**Provided records**
>>>
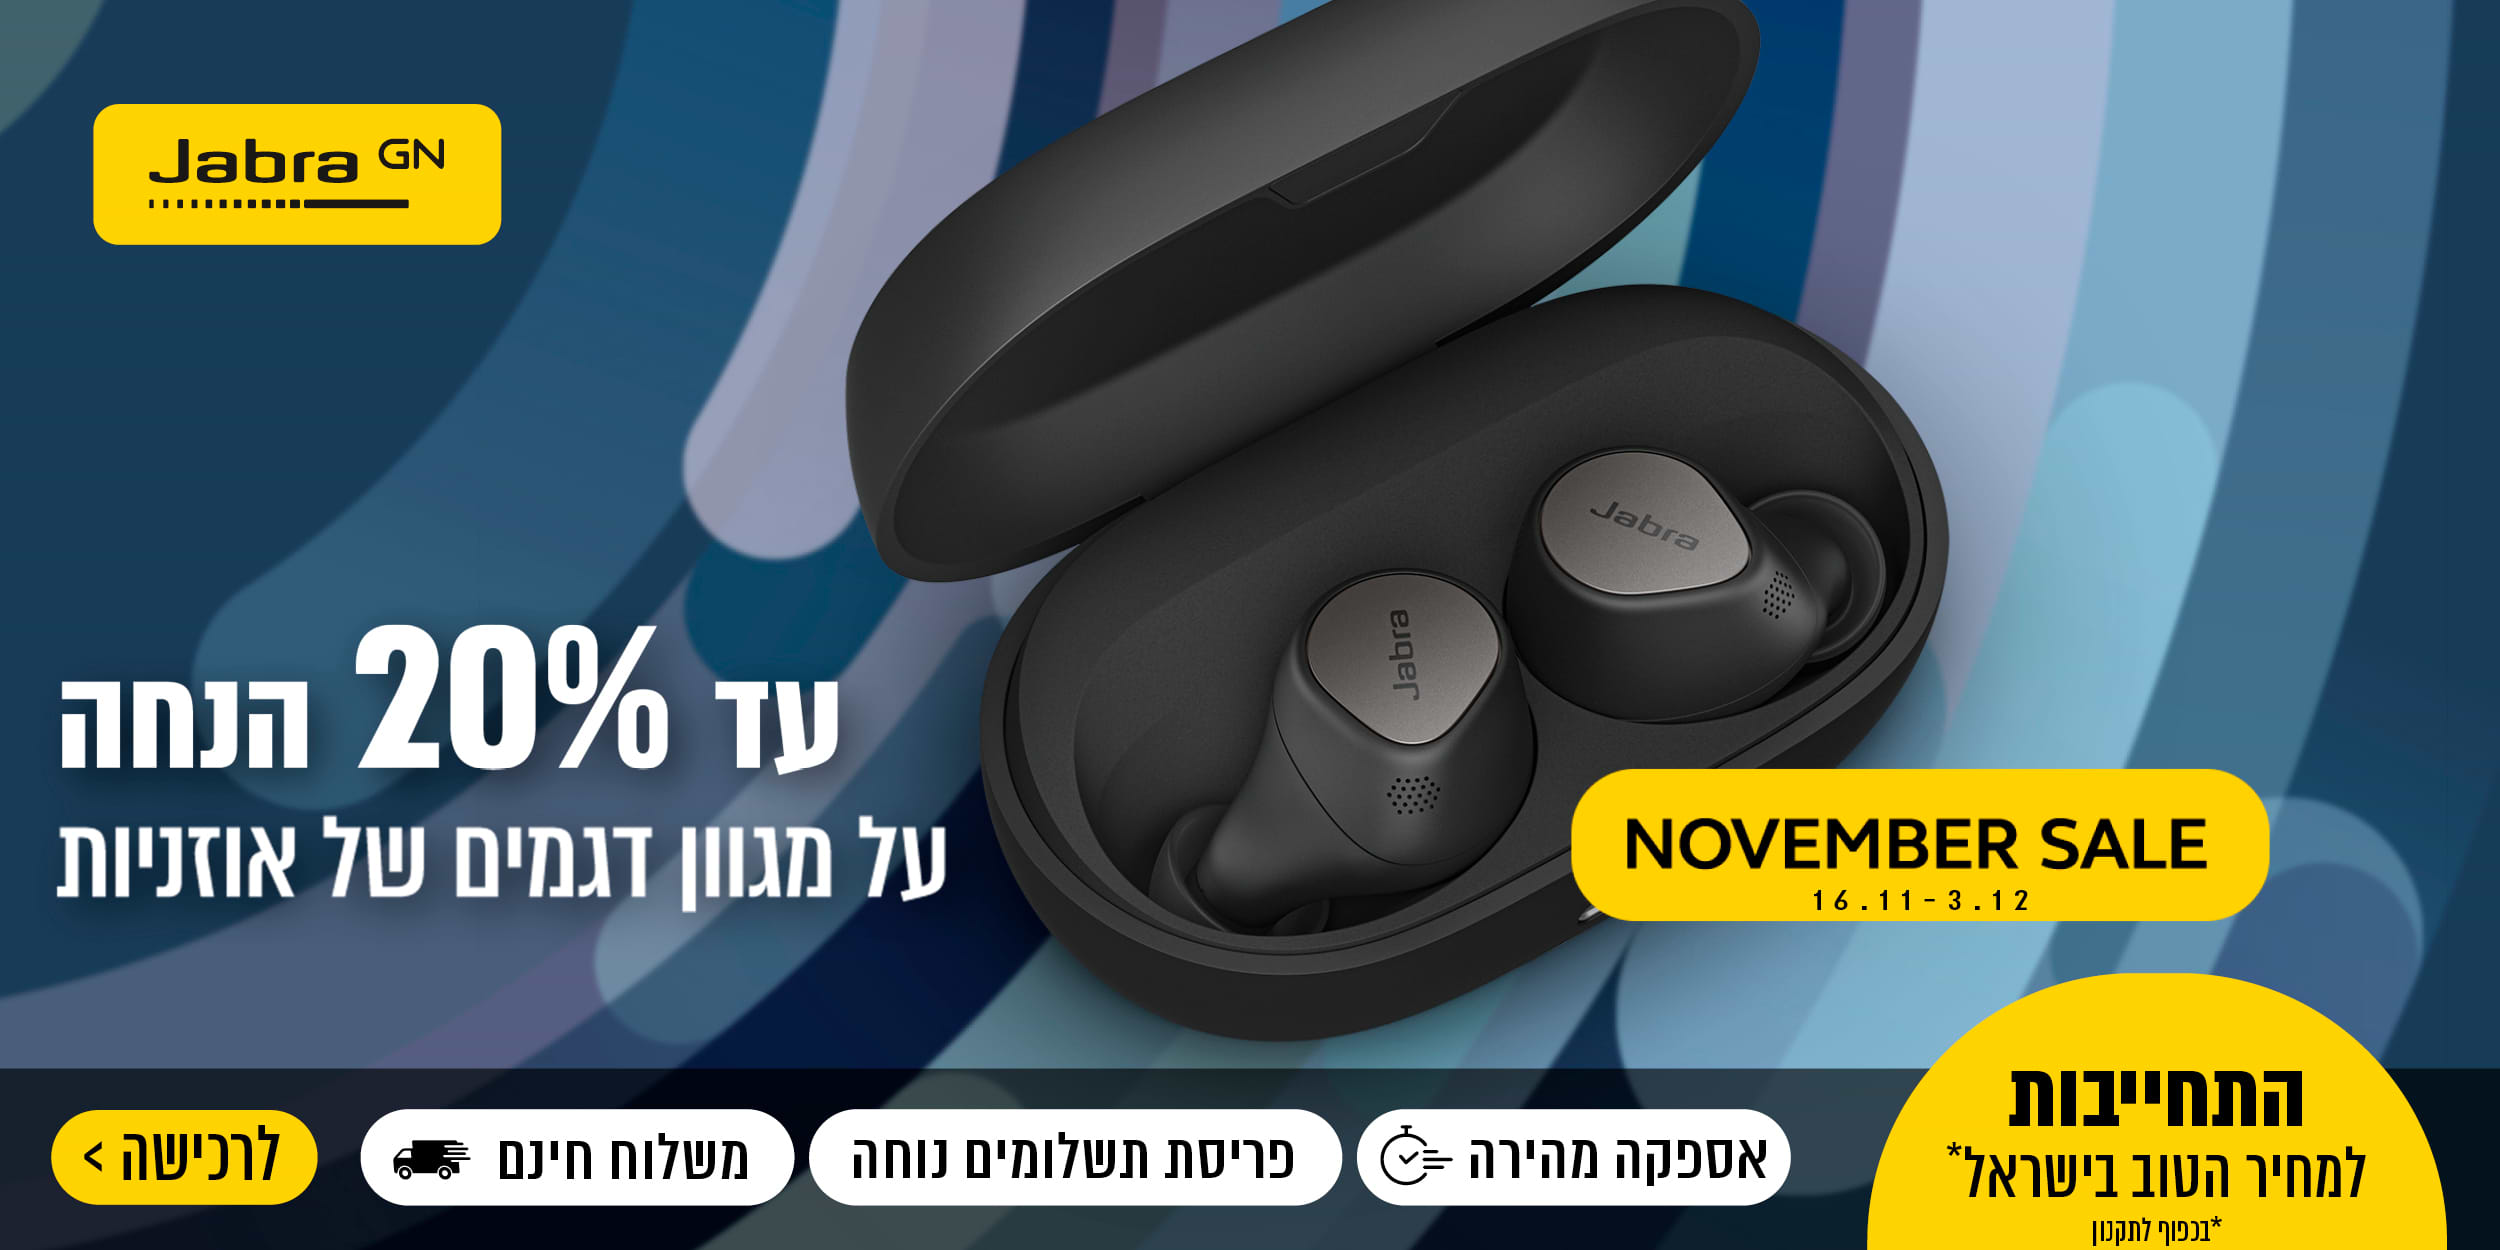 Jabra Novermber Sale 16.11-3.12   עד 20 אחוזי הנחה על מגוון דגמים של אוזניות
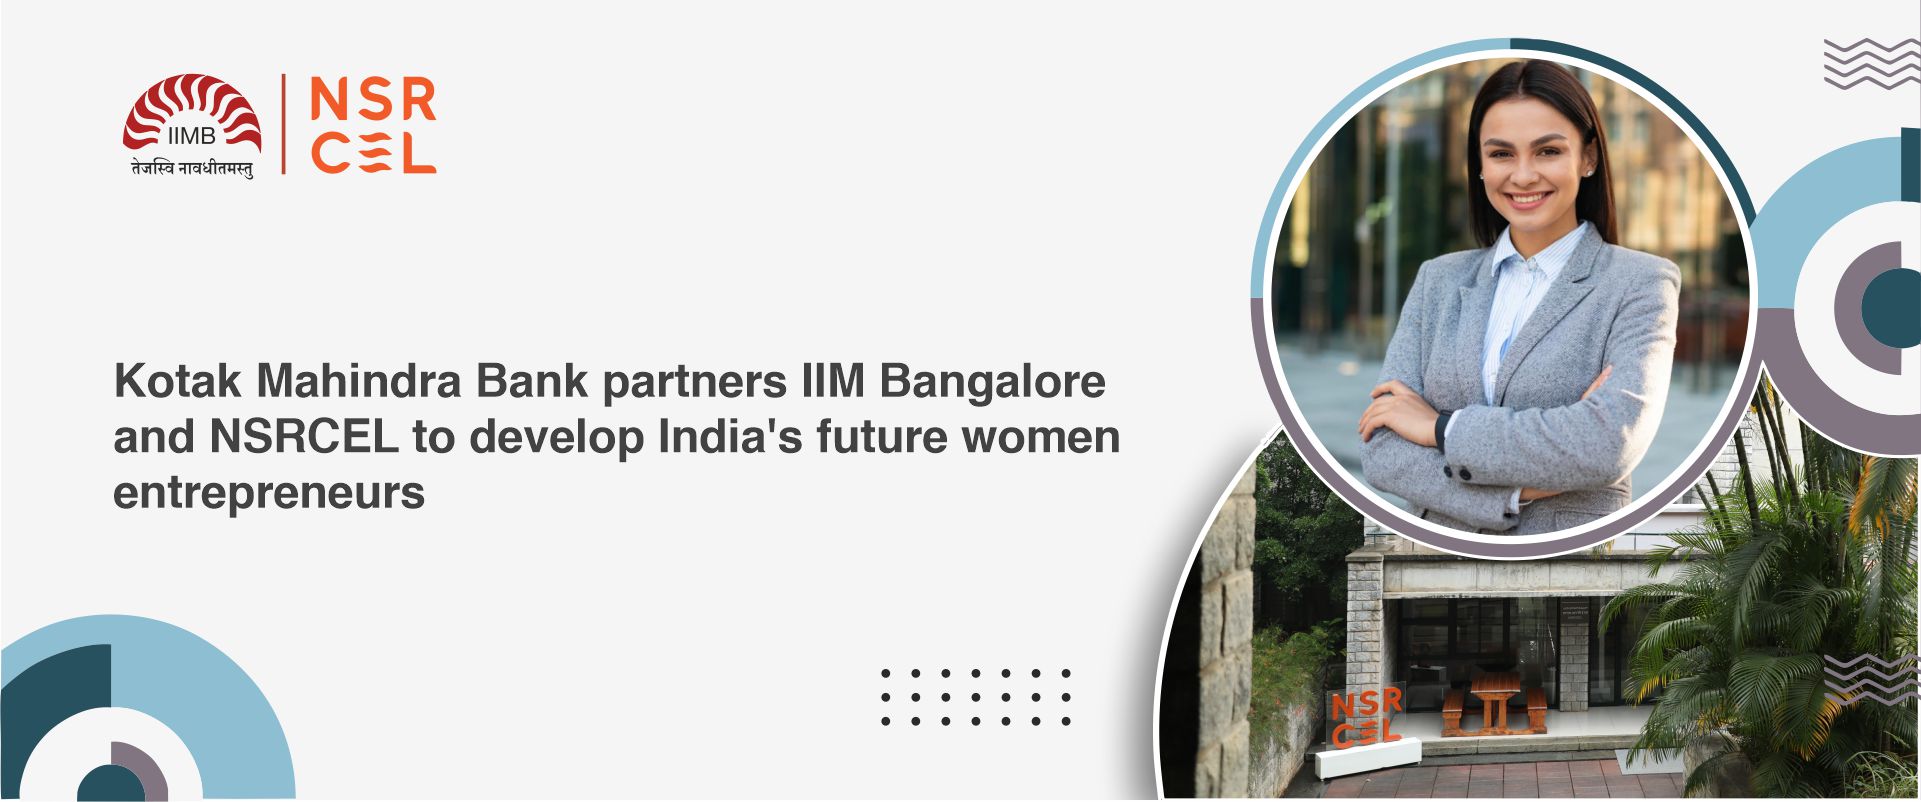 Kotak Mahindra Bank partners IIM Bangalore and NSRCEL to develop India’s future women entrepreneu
<<<
>>>
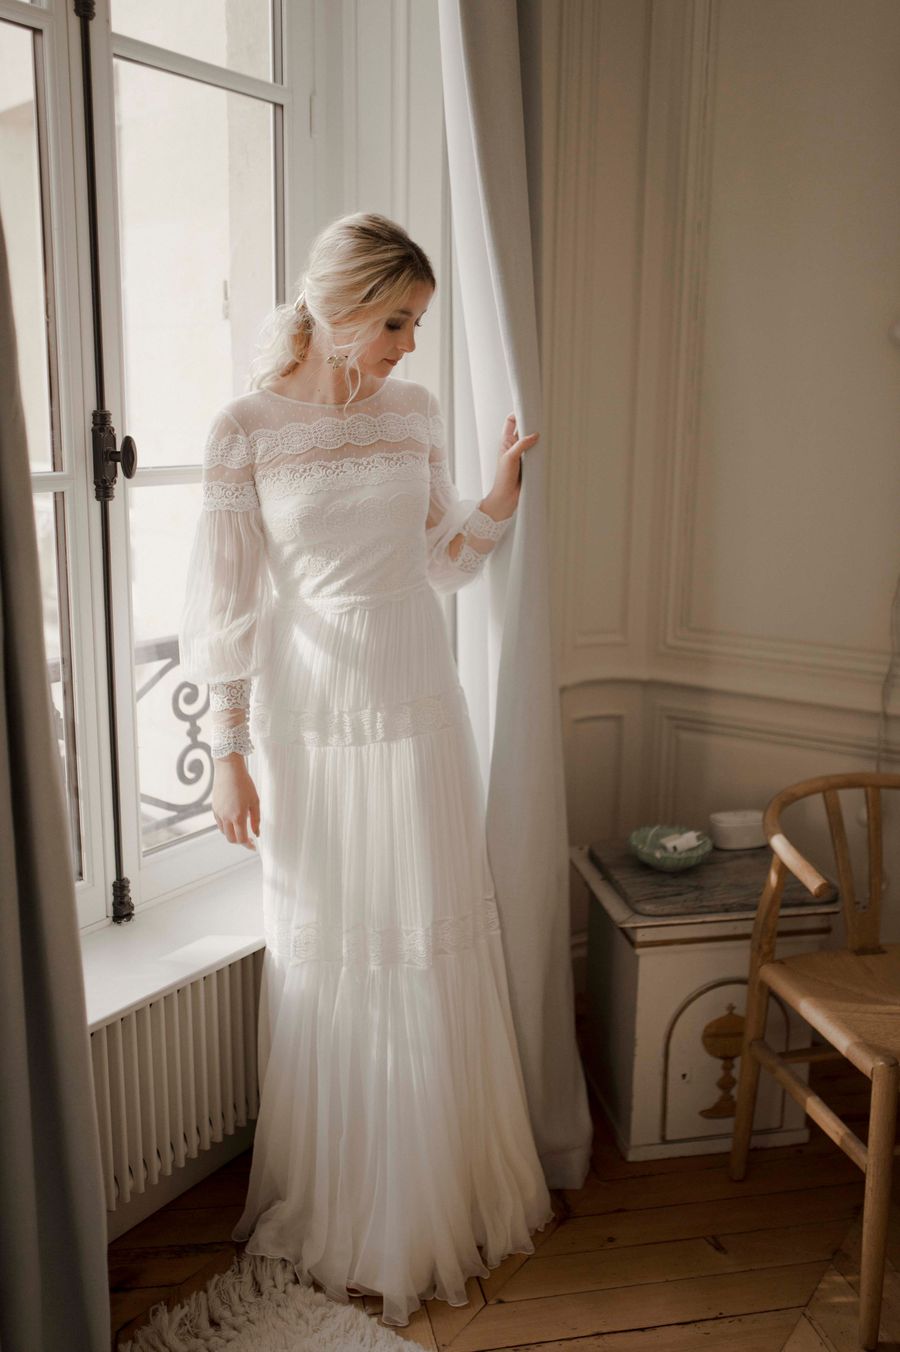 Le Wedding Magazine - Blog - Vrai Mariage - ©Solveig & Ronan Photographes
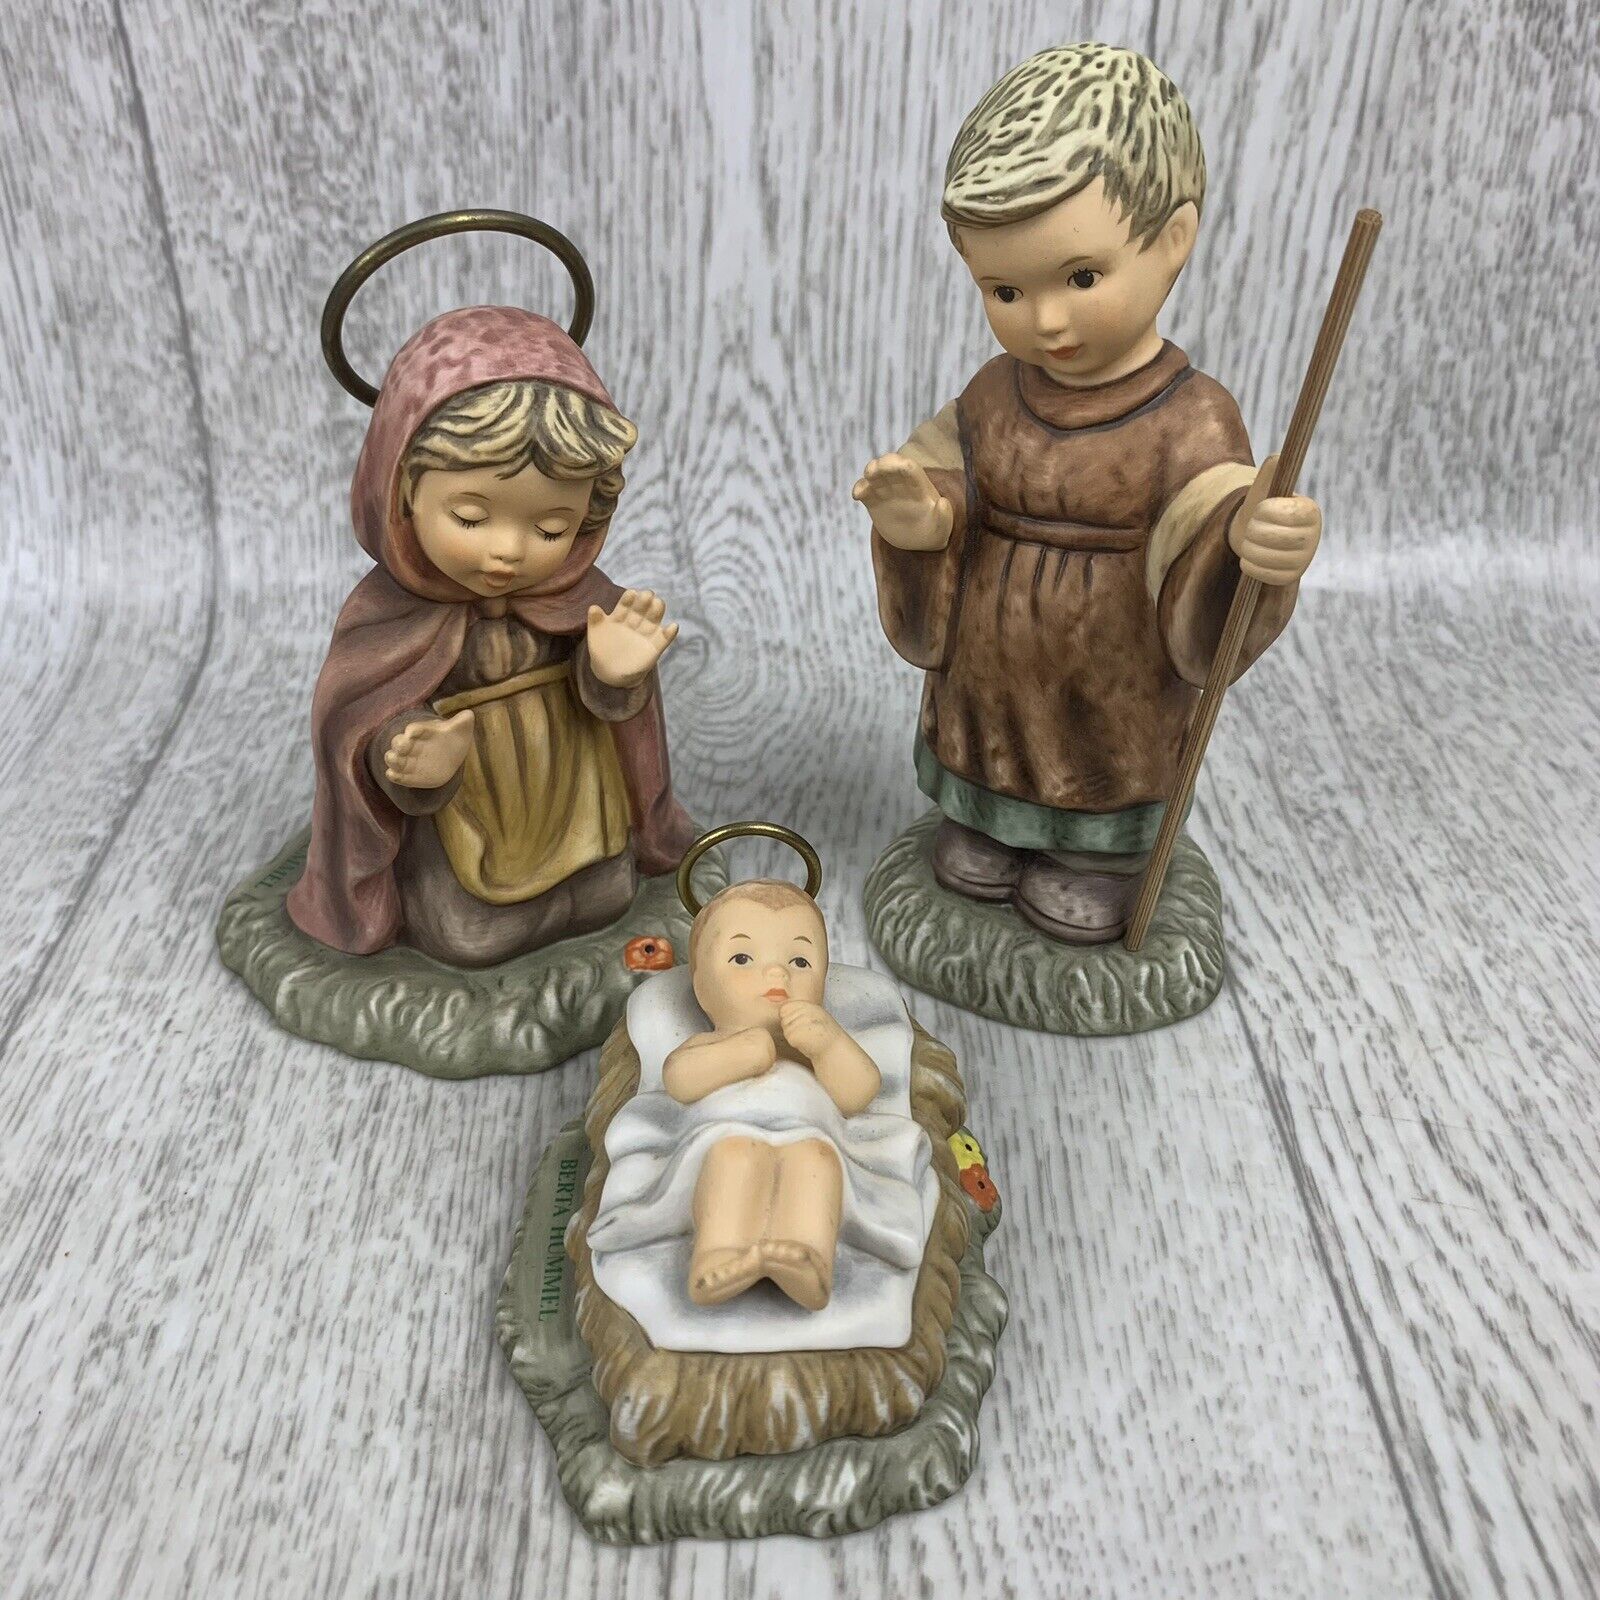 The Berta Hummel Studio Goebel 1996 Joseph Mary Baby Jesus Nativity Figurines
<<<
**Problem description**
In the entries above, find the line that contains "Jabra Novermber Sale" and the line that contains "Kotak Mahindra Bank". Reproduce exactly those two lines and every line between them, but not the pictures.

**Solution**
 Jabra Novermber Sale 16.11-3.12   עד 20 אחוזי הנחה על מגוון דגמים של אוזניות
 Kotak Mahindra Bank partners IIM Bangalore and NSRCEL to develop India’s future women entrepreneu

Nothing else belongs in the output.